THE extraordinary battle for Warrnambool Cheese and Butter went white hot last week.
The increased frenzy was sparked by approval from Treasurer Joe Hockey on Tuesday under the foreign takeover rules of the offer from one of the three suitors, the giant Canadian Saputo dairy group.
This forced the second suitor, the local Murray Goulburn dairy co-operative, to announce on Wednesday that it would top the Saputo offer by a full $ 1, lifting its bid from $ 7.50 to $ 9 for each WCB share.
It was a desperate move by MG to keep the auction going, as its bid requires approval from the Competition Tribunal, and that will take at least six months.
By topping Saputo by so much, MG was hoping to prevent it locking up control of WCB well before that. But then on Thursday, the third suitor, the much smaller Bega Cheese, threw its own curve ball into the game.
Bega lifted its cash and shares bid, but to a level which, while higher on paper than Saputo’s $ 8, was actually lower than MG’s promised $ 9.
The new element Bega introduced was to make its bid unconditional. That meant any WCB shareholders who accepted would be paid immediately and Bega would keep the shares whatever else happened.
Then, on Friday evening, Saputo delivered a blockbuster. It raised its bid to match MG’s $ 9 and, with Hockey’s approval in its pocket, it also went unconditional, to match Bega’s play.
In most takeovers, that would be game, set and match to the Canadians. It’s in a race to 50.1 per cent and control; and with the top offer at a very – extraordinarily – high price, and being unconditional, Saputo would seem to look like Fiorente at the 100m mark at Flemington on Cup Day.
But this is no ordinary takeover and no ordinary race – Warrnambool has become the most prized real estate in Australian dairy.
It’s clearly important for the Canadians to break into the Australian market and, through us, grow into Asia.
It’s literally, corporate life or death for Bega. WCB is that company’s last chance to grow out of its narrow NSW south coast base, and if it fails, Bega will almost certainly become the next target.

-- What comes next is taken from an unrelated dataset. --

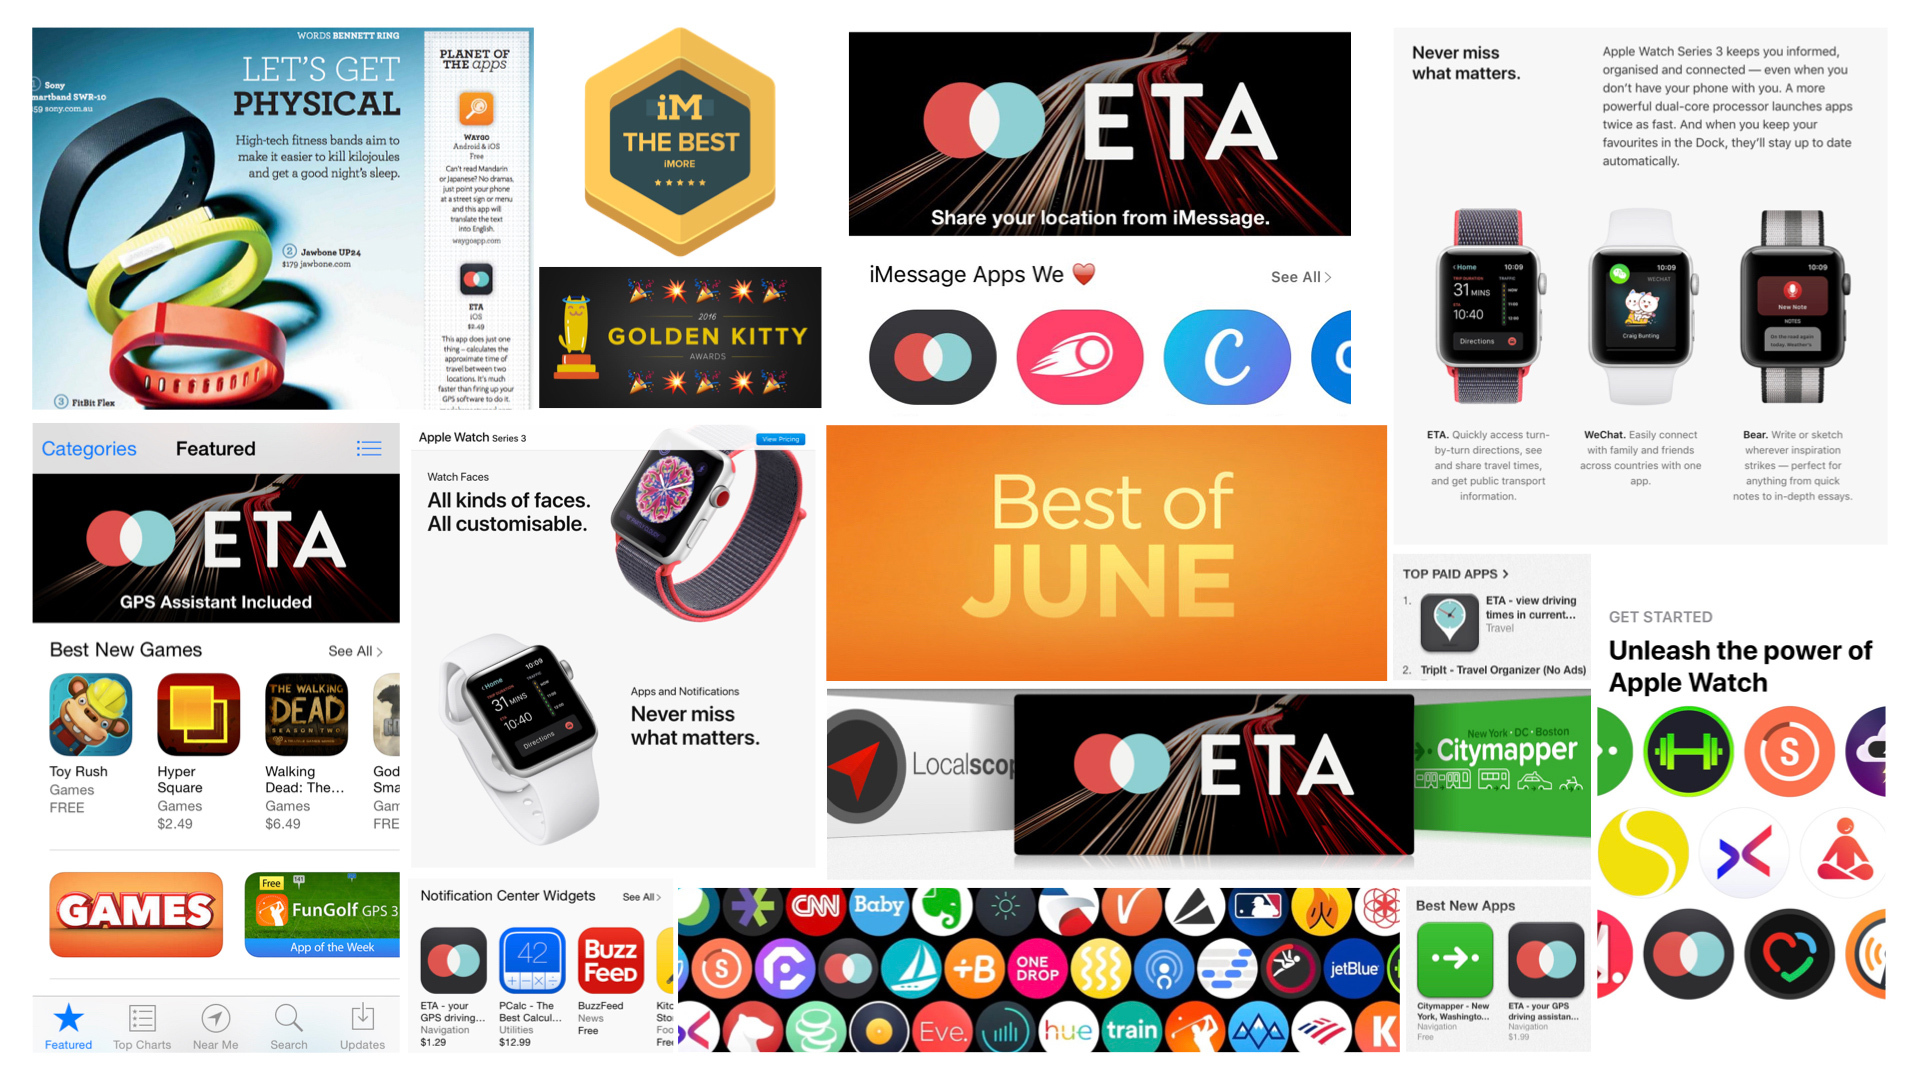 App Store features, awards, press write-ups

While WCB is fundamental for MG to seize the major integration and synergy benefits to grow into a major export-focused global major like New Zealand’s Fonterra.
Critically, Saputo starts with no shares in WCB. Both MG and Bega have significant stakes – MG has 17 per cent and Bega a little more than 18 per cent.
To add yet a further complication, the giant Japanese-owned Lion dairy group – which has a business relationship with WCB – has snapped up a 10 per cent stake in the target.
Those three stakes add to over 45 per cent, almost enough to deny Saputo 50.1 per cent. And indeed, there’d be nothing to stop Lion going to 15 per cent – taking the three to more than 50 per cent – if it wanted.
Normally in these circumstances, Bega and MG would concede defeat, selling out to Saputo. But the stakes are so high, they could well decide to hang on. To be prepared to stay as minority shareholders in a Saputo-controlled WCB.
This might make Bega pivotal. It would be most tempted to sell. It could now get nearly $ 100 million for its stake – very big bucks for the small company. But it could also make itself more valuable by NOT selling. A battle could erupt for Bega. You buy Bega, you also buy its 18 per cent stake in WCB.
MG could launch a bid for Bega, conditional on it not selling, and conditional on getting competition approval. That could take it to 35 per cent and a voice in WCB’s future.
But that could bring Fonterra into the game, as it recently snapped up a 6 per cent stake in Bega, with which it has a business relationship.
WCB is a relatively small company. But the future of the entire Australian dairy industry is now pivoting on it, just as the industry has the chance of embarking on a major growth future into Asia, with milk powder becoming dairy’s iron ore.
It’s possible that WCB could emerge owned by a collection of industry shareholders – somewhat uneasy partners, but partners nevertheless.
Just like Virgin Airlines, which is 23 per cent owned by Air NZ, with Etihad and Singapore Airlines also having 20 per cent stakes. And with the original founder, Sir Richard Branson’s Virgin Group playing the role of Lion with a further 10 per cent.
And for much the same reason: Virgin is the last available real estate in the domestic airline industry, with Qantas now tied to Emirates.
So far, Virgin has been able to work with all three foreign airlines, while also running and growing its own business – domestic and international – quite separately from them.
It has worked both ways, essentially because Qantas-Emirates is the dominant player in the international space. The trio has plenty of room to grow through Virgin without getting in each
It’s also great for Virgin as the trio – and Branson – are a ready source of capital.
It will be interesting to see whether WCB ends up with a similar shareholding mix.